- Directed by: Maurits Binger Hans Nesna [nl]
- Written by: Maurits Binger Prosper Mérimée
- Produced by: Maurits Binger
- Starring: Annie Bos
- Production company: Filmfabriek Hollandia
- Distributed by: HAP Film-Company
- Release date: 18 July 1919;
- Running time: 66 minutes
- Country: Netherlands
- Language: Silent

= A Carmen of the North =

A Carmen of the North (Een Carmen van het Noorden) is a 1919 Dutch silent romantic drama film directed by Maurits Binger.
==Plot==

The American release of A Carmen of the North

Jozef is a young farmer who has been ordered to leave his mother and childhood sweetheart Mareike, in order to join the army during the Great War. Carmen is a fatally attractive coquette living in the poor quarters, and working in a cigarette factory. One day, she plays a practical joke on one of her co-workers. The girl can't appreciate this and starts a fight; to which Carmen responds by stabbing her with a knife.

Stationed in the factory, Jozef is ordered to hold Carmen. While being guarded, Carmen successfully seduces Jozef and convinces him to undo her from her handcuffs: "For Carmen's heart was fickle. Her passions wild and bold. Proud of every conquest. And fond of foolish gold." She gratefully thanks him and then escapes through the window. While she joins her confederates - a group of bandits - Jozef feels guilty not for having released her, but for having fallen in love with her. He is arrested for having helped a fugitive, and is imprisoned.
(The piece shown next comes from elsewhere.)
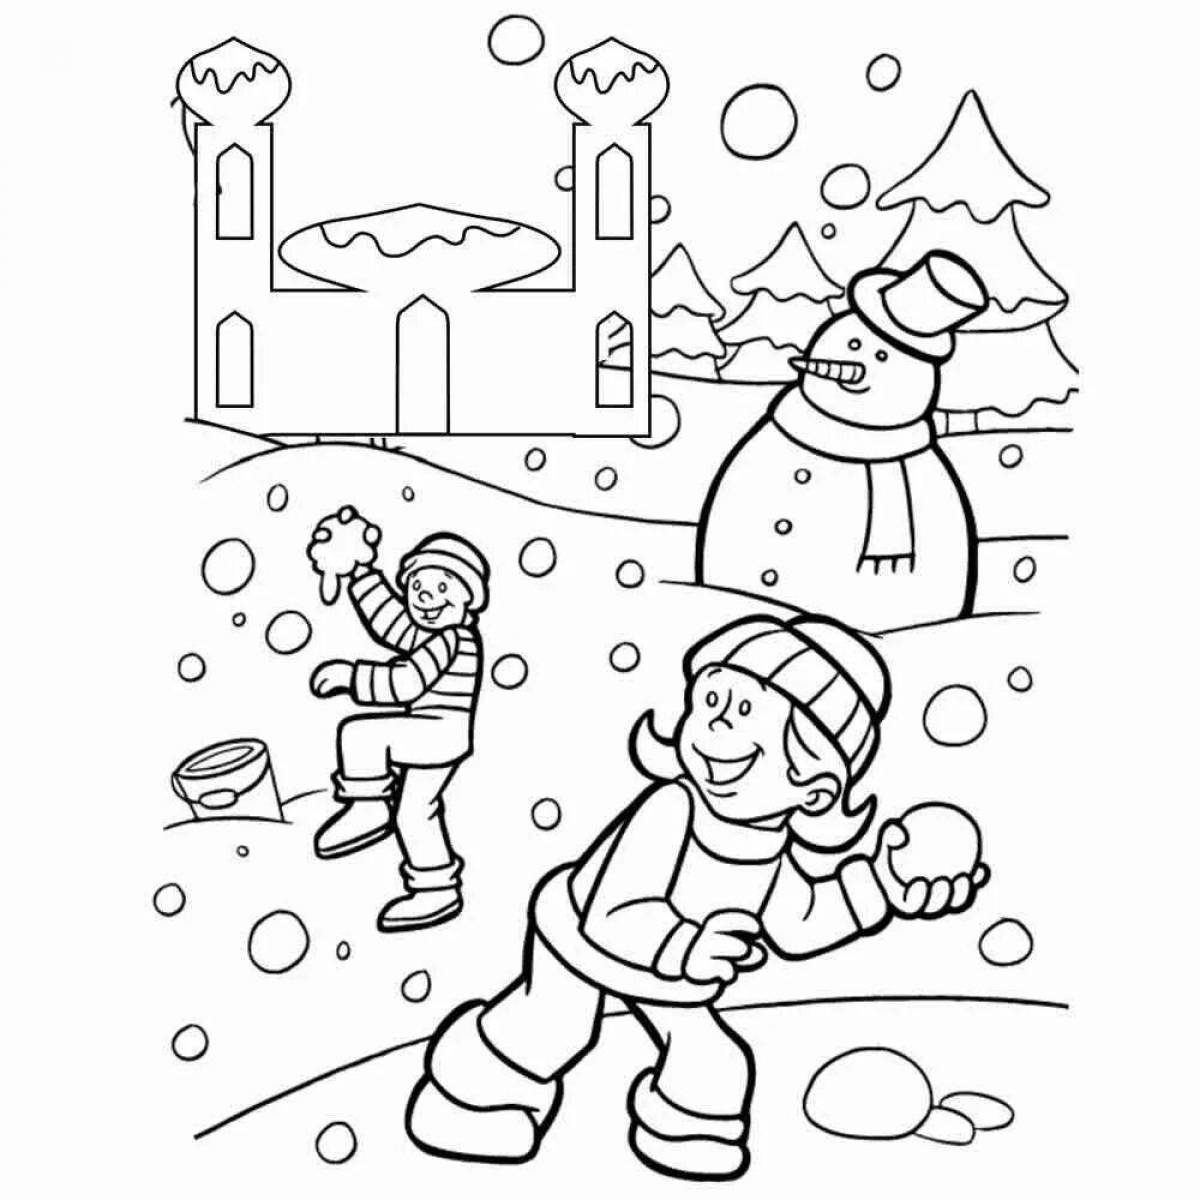 Fun coloring book for winter fun

One day, Jozef receives a letter from Carmen: "Come to me Jozef, and I shall show you the way to freedom, where none shall be afraid of their past – no loss or trouble to either of us again." He is able to distract his guards and flees to the bar where Carmen is staying. He feels guilty for kissing her, but then starts a fight with another man who seduces her. Afterward, the guards arrive at the bar to search for Jozef, and he is convinced by Carmen to join her as a fugitive. They become part of an organised crime, which includes Carmen entertaining a group of soldiers, while the other men, among them Jozef, get the stuff over the border.

Meanwhile, Mareike has left her home to search for Jozef on the cold streets. She is satisfied to find him, but Jozef orders her to leave. He then returns to Carmen, and demands that she will never love another man. Carmen, aware that she can't live up to Jozef's expectations, finds refuge in a bar. Jozef follows her and blames her for having ruined his life. He then leaves, as he realizes that his love for Carmen is gone. The same night, Carmen falls for Dalboni, a celebrated baritone. She seduces him, and he in turn is impressed with her.

Several nights later, Dalboni reads from The Bohemian Girl. Carmen, realizing that she has fallen in love with Dalboni, writes to Jozef that she no longer can see him. A year later, she is a happily married woman living in extreme wealth, while Jozef wanders through the streets. At the premiere of an opera, Dalboni is praised by the audience, and he calls Carmen his inspiration. "But the shadow returned again. The man forsaken came out of her past." Jozef finds Carmen backstage and confronts her with all that she has caused in his life. When he asks her if she still loves him, she responds by describing her love for Dalboni: "He is everything to me. Now, at last, I know what real love is. I shall live for him alone." In a rage, Jozef condemns Carmen and stabs her to death.

==Cast==
- Annie Bos as Carmen
- Adelqui Migliar as Jozef
- Jan van Dommelen as Dalboni
- Paula de Waart as Jozef's moeder
- Jeanne van der Pers as Mareike
- Ernst Winar
- Fred Homann
- Leni Marcus

==Alternative ending==
In the copies that surfaced in America, Jozef, while trying to kill Carmen, was overpowered by Dalboni. He was sent to prison, where he spent two years of his life: "Back to the depths – the end of a fool's paradise." Mareike and his mother visited him in prison, and Jozef begged them for forgiveness. After his release, he returned to Mareike, who had decided to forgive him: "Then the gold returned to the sun and every day was bright with the joy of living."